Луна шла на ущербъ, и только отблескъ моря позволялъ мнѣ разглядѣть ея лицо. Оно было возбуждено, но движенія казались спокойными.
— Онъ долженъ ѣхать! выговорила она однимъ духомъ, точно продолжая какой-то споръ.
Я понялъ, кто этотъ «онъ».
— Но онъ такъ не уѣдетъ… Онъ захочетъ узнать все и говорить съ графомъ, а я не допущу этого. Я не приму отъ него никакой жертвы… Заклинаю васъ: все, что вы услышите — умретъ въ васъ. Да?
— А когда же я вамъ измѣнялъ? спросплъ я.
— Вѣрю, вѣрю… Николай Иванычъ, мое положеніе требуетъ… рѣшительнаго шага. Докторъ сказалъ мнѣ сегодня…
Она произносила эти отрывочныя фразы съ тревогой, сразу напомнившей мнѣ сцену въ тратторіи. Но не за себя она такъ волновалась.
— Какъ же быть, графиня? Приказывайте.
Мои слова, сказанныя суховато, вывели ее изъ крайняго возбужденія. Она перевела духъ и выговорили медленнѣе и тверже:
— Не приказывать вамъ пришлая, спросить васъ… вы имѣете полное право сказать: я васъ больше не знаю, графиня, ничего вы не заслуживаете, кромѣ…
— Къ чему все это? перебилъ я. Мнѣ сдѣлалось слишкомъ больно отъ такого предисловія.
— Какъ хотите, такъ и отвѣтите, продолжала она. Я не о себѣ… Обманывать графа я не буду: это было бы черезчуръ дерзко. Но ребенокъ не долженъ родиться ничьимъ. Ему надо имя, ему надо пользоваться всѣмъ, чѣмъ моя дѣти пользуются… Или я умру вмѣстѣ съ нимъ, или это такъ будетъ!
Она выпрямилась, ея бледное лицо все судорожно вздрогнуло. Звуки голоса были прежніе: говорила мраморная женщина голубой комнаты.
— Живите, живите, шепталъ я, беря ее за трепетную руку; все что только я въ силахъ…
— Васъ графъ уважаетъ, онъ васъ и любитъ больше всѣхъ, кромѣ меня и дѣтей. Отъ васъ онъ все выслушаетъ. Говорите съ нимъ, вспомните, что вы добрый, добрый, безконечно добрый.

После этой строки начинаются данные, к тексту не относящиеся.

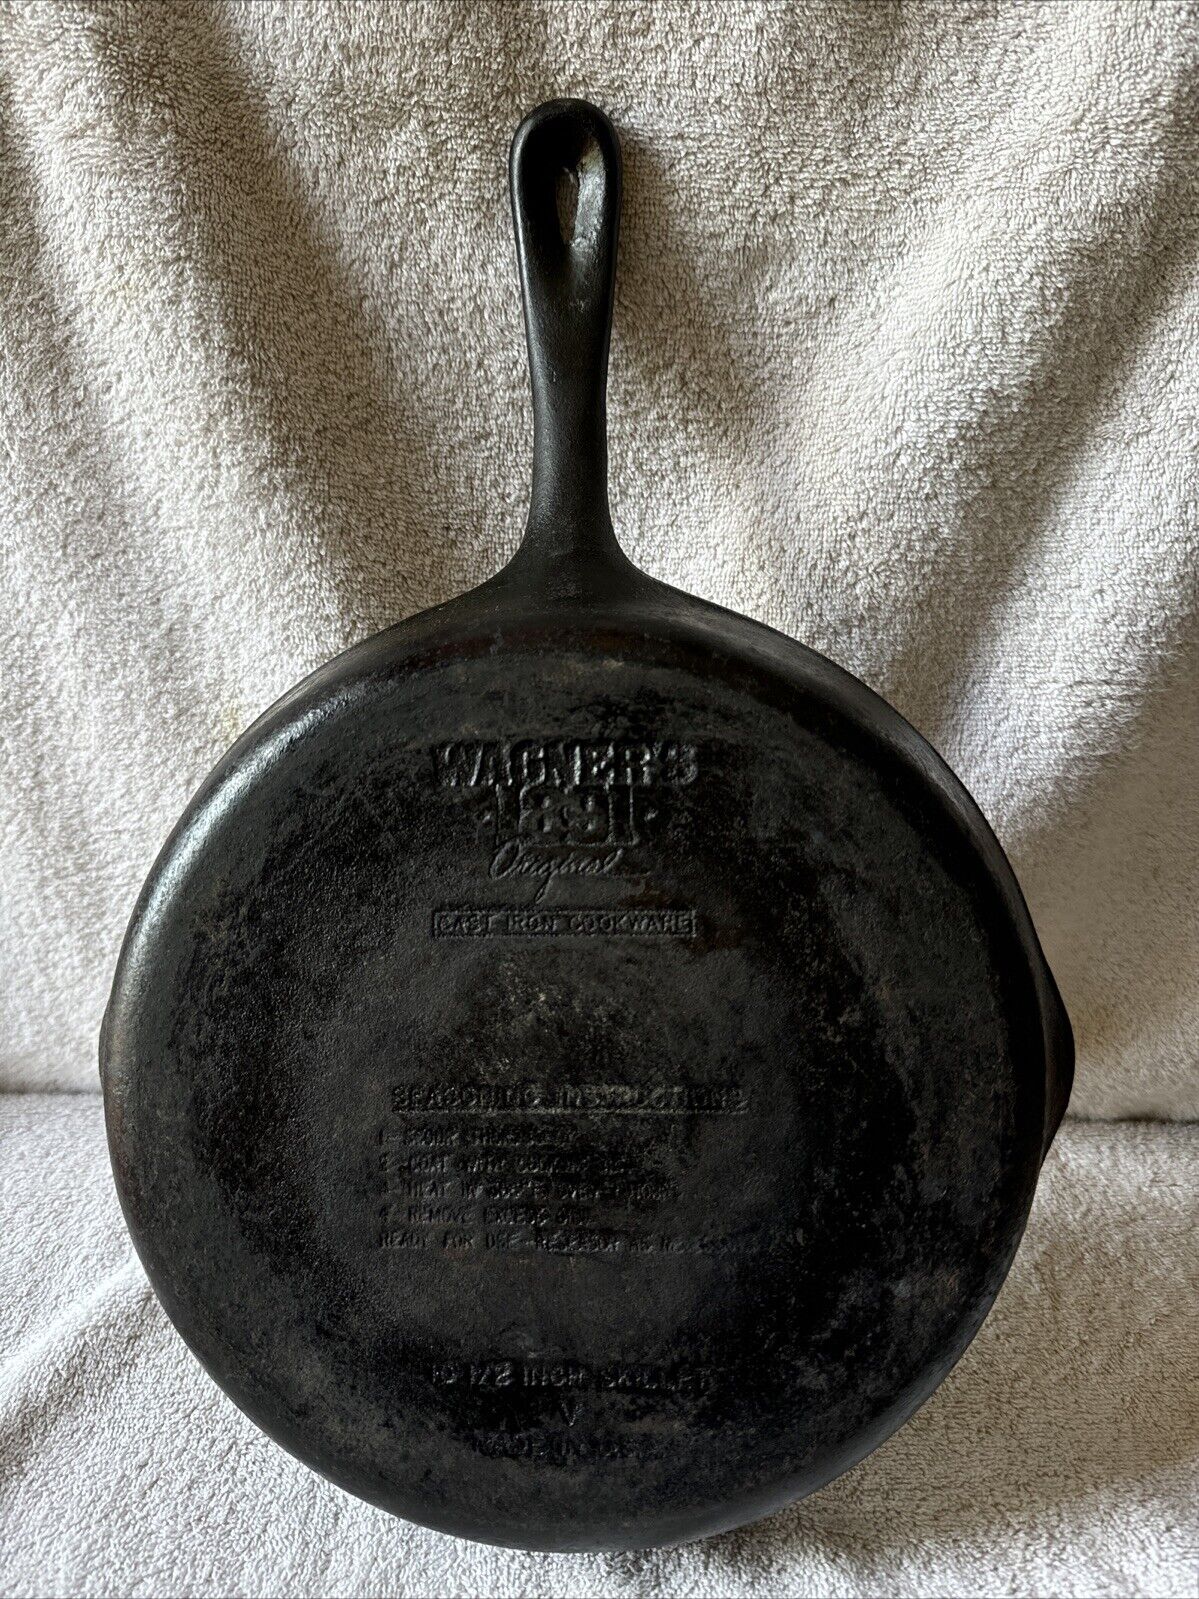 Wagners 1891 Cast Iron Skillet Fry Pan Cookware 10 1/2

Я не подсказываю вамъ ничего, вы сами вольны въ каждомъ вашемъ словѣ… Но спасите ни въ чемъ неповиннаго ребенка, спасите!..
Не взвидѣлся я, какъ она опустилась на колѣна, и глухія рыданія вырвались изъ ея груди… Она — предо мной — колѣнопреклоненная!.. Я бросился поднимать ее, повторяя, ужь не помню что, усаживалъ, готовъ былъ превратиться въ червя ползущаго, только бы она успокоилась.
Больше она меня ни о чемъ не просила; но я точно въ глазахъ ея прочелъ все, что мнѣ нужно было прочесть. Ни у какой другой женщины не хватило бы духа предложить мнѣ «спасти» ея ребенка. И въ этомъ я увидалъ, за кого она меня считаетъ. Я не зналъ, какъ благодарить ее, какъ ей выразить мою радость, какъ похвалить ее за ясновидѣніе: такое-то бремя я и мечталъ взять на себя. Но сказать ей что-нибудь, хотя бы только похожее на это — я не былъ въ состояніи, да она и не требовала.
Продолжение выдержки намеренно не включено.